Этот «мальчишка», спасенный Маргаритой на пожаре, ушел из романа навсегда — вместе со второй редакцией. Но не бесследно. Отголосок его слышен в маленьком мальчике «лет четырех», дрожащем в своей кроватке с сеточными боками, мальчике, которому в окончательном тексте невидимая Маргарита рассказывает сказку…
Полная или неполная?
Во второй редакции романа вырастает Воланд. Уже здесь это не дьявол-искуситель, а Князь тьмы, воплощение могущества и жестокой, нечеловеческой справедливости, владыка ночного, лунного, оборотного мира. И уже написана глава «Ночь», которая в этой редакции представляется автору сначала последней, потом предпоследней.
Всадники на своих черных конях летят над землею, над морем, над сверкающими городами. Их шестеро, как и в законченном романе.
Еще не найдена мелодия полета, еще присутствуют иные подробности.
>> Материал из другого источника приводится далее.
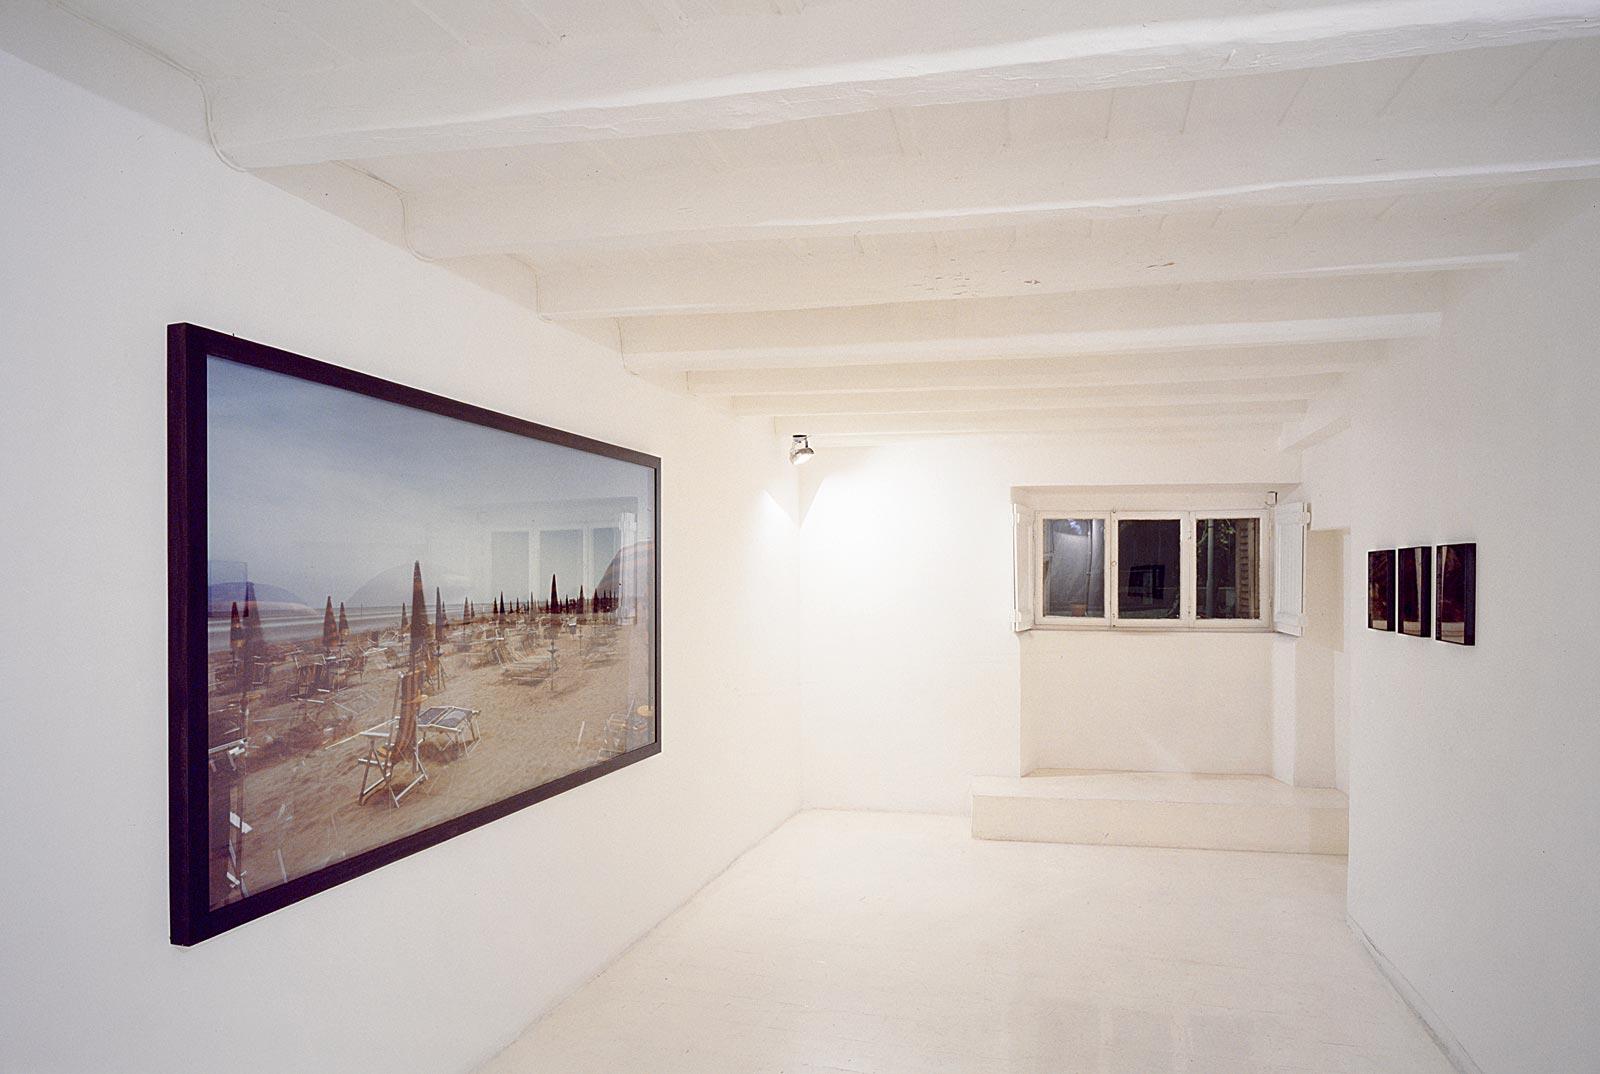 Spiaggia, Galeria Primo Piano, Rom
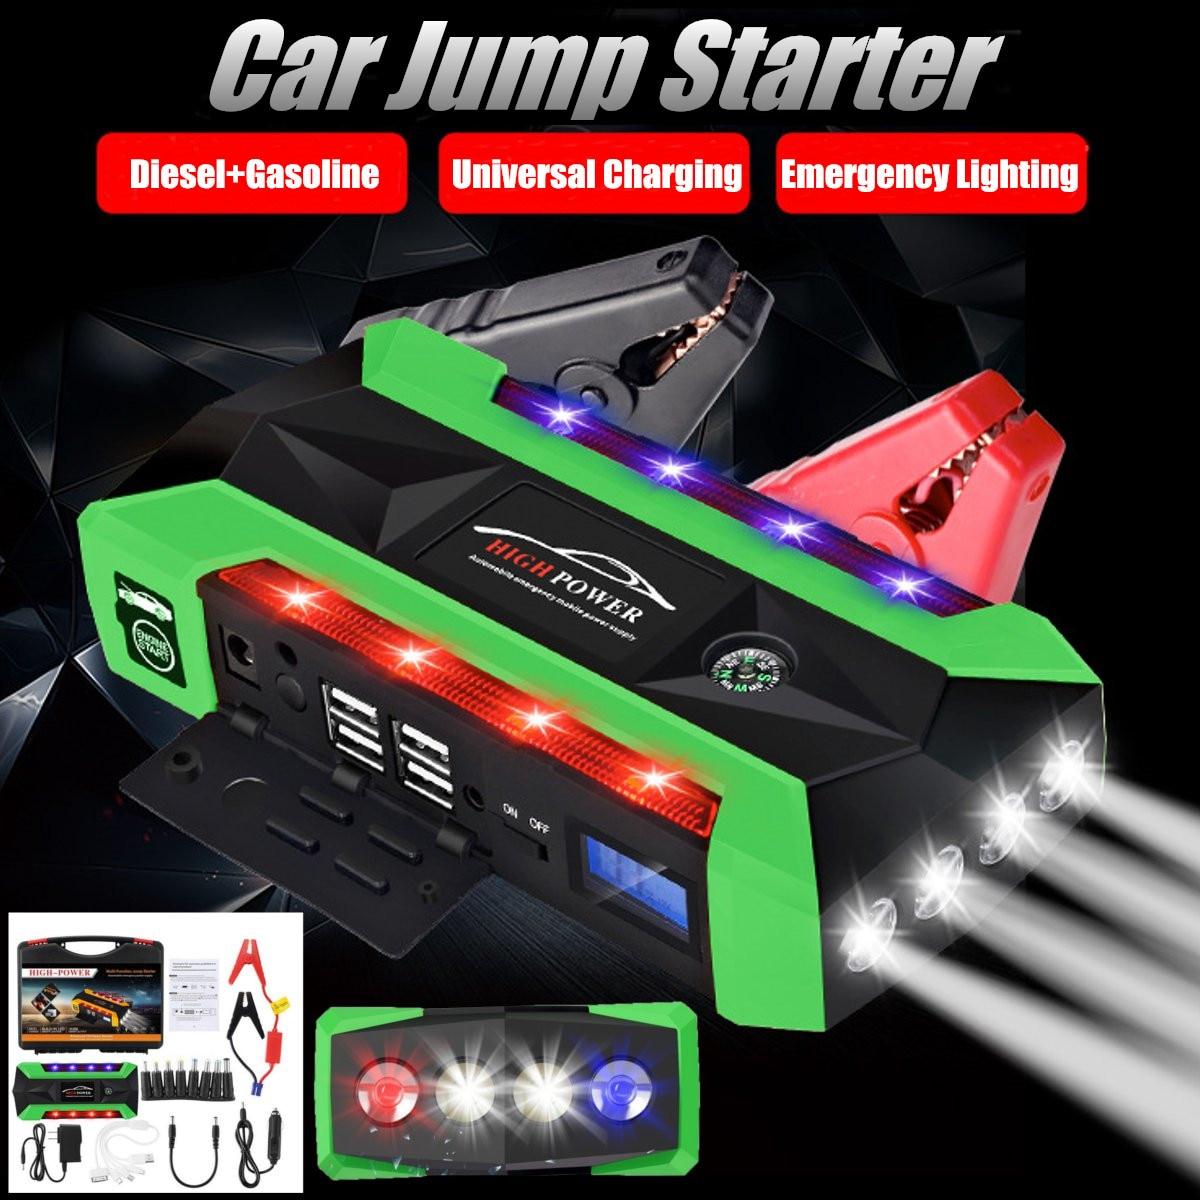 US/UK/AU/UE Multi-Fonction Portable D'urgence Chargeur de Batterie De Voiture Jump Starter 4 Lampe USB 89800 mah Puissance Banque Dispositif de Démarrage

Так, в завершенном романе: «Ночь начала закрывать черным платком леса и луга, ночь зажигала печальные огонечки где-то далеко внизу, теперь уже неинтересные и ненужные ни Маргарите, ни мастеру, чужие огоньки». В завершенном романе этот полет — эквивалент смерти.
А в редакции второй, в сентябре 1934 года, глаза мастера жадно смотрят на мир, раскинувшийся под ним:
«Но когда сумерки сменились ночью и на небе сбоку повис тихо светящийся шар луны (это подчеркнуто автором, и вертикальный штрих слева означает, что автор не удовлетворен: ему предстоит „проверить“ луну и эту грань, когда сумерки сменяются ночью. — Л. Я.), когда беленькие звезды проступили в густой сини, Воланд поднял руку, и черный раструб перчатки мелькнул в воздухе и показался чугунным. По этому манию руки кавалькада взяла в сторону.